It would nice if one day browsers and all other internet clients would use a standardized interface to ask the OS for the IP address and public key tuple for that domain name as determined by the DNS blockchain software installed on the computer (I'm hoping it's BitShares DNS : ) ). Then the internet client would validate the TLS connection directly using the given public key.

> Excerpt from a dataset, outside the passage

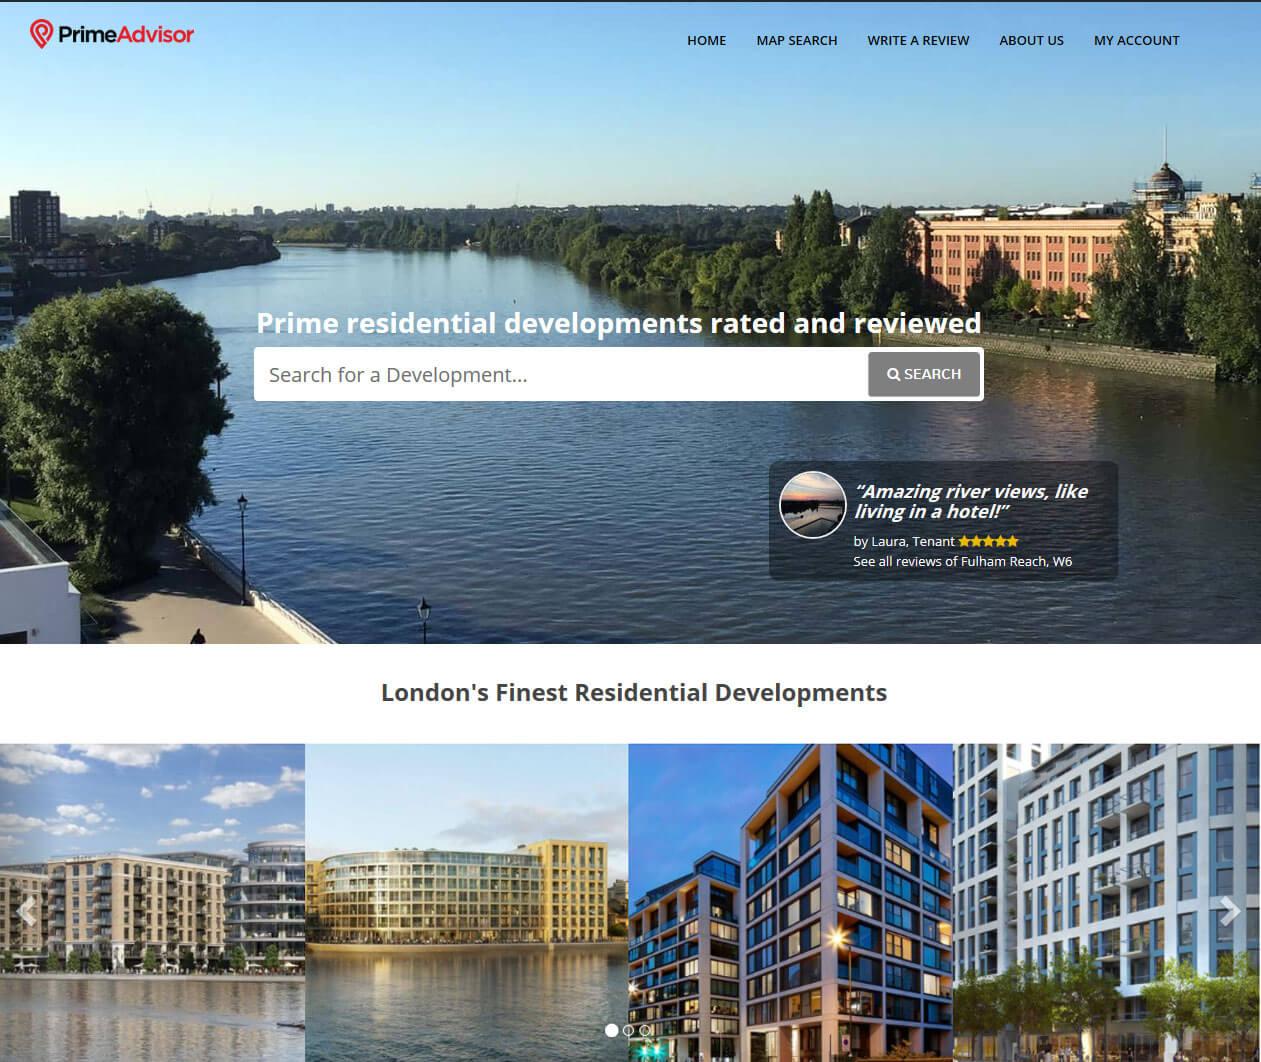 Website Maintenance of A PHP Powered Website - PrimeAdvisor

Until that magical day, backwards compatibility hacks are needed to easily get adoption in the beginning. It would be really powerful if I could use my browser (with no extensions or plugins), have traditional HTTPS sites work, and have blockchain registered domains also securely work (with no risk of man-in-the-middle attacks). I've briefly
described how I would like to see this done. Just have a local HTTP proxy daemon running on the computer which man-in-the-middle attacks SSL connections and rewrites the SSL certificate and signs it with its own local trusted CA key. If the domain is a legacy domain signed by a third-party CA in a list of trusted legacy CAs, then the proxy will resign the certificate with its own key. If the domain is a BitShares DNS domain that validates according to the blockchain, then the proxy will sign the certificate with its own key. Otherwise, break the certificate so the browser complains. Then the browser is set up to only have one trusted CA key (the one of the local proxy) and is configured to use the HTTP proxy.
The real trouble is how this could work on mobile devices. You would need to be able to run a daemon proxy accepting the mobile browser's HTTP(S) connections. This might work on Android, not sure about iOS. Maybe a custom browser app is the other way to go on mobile?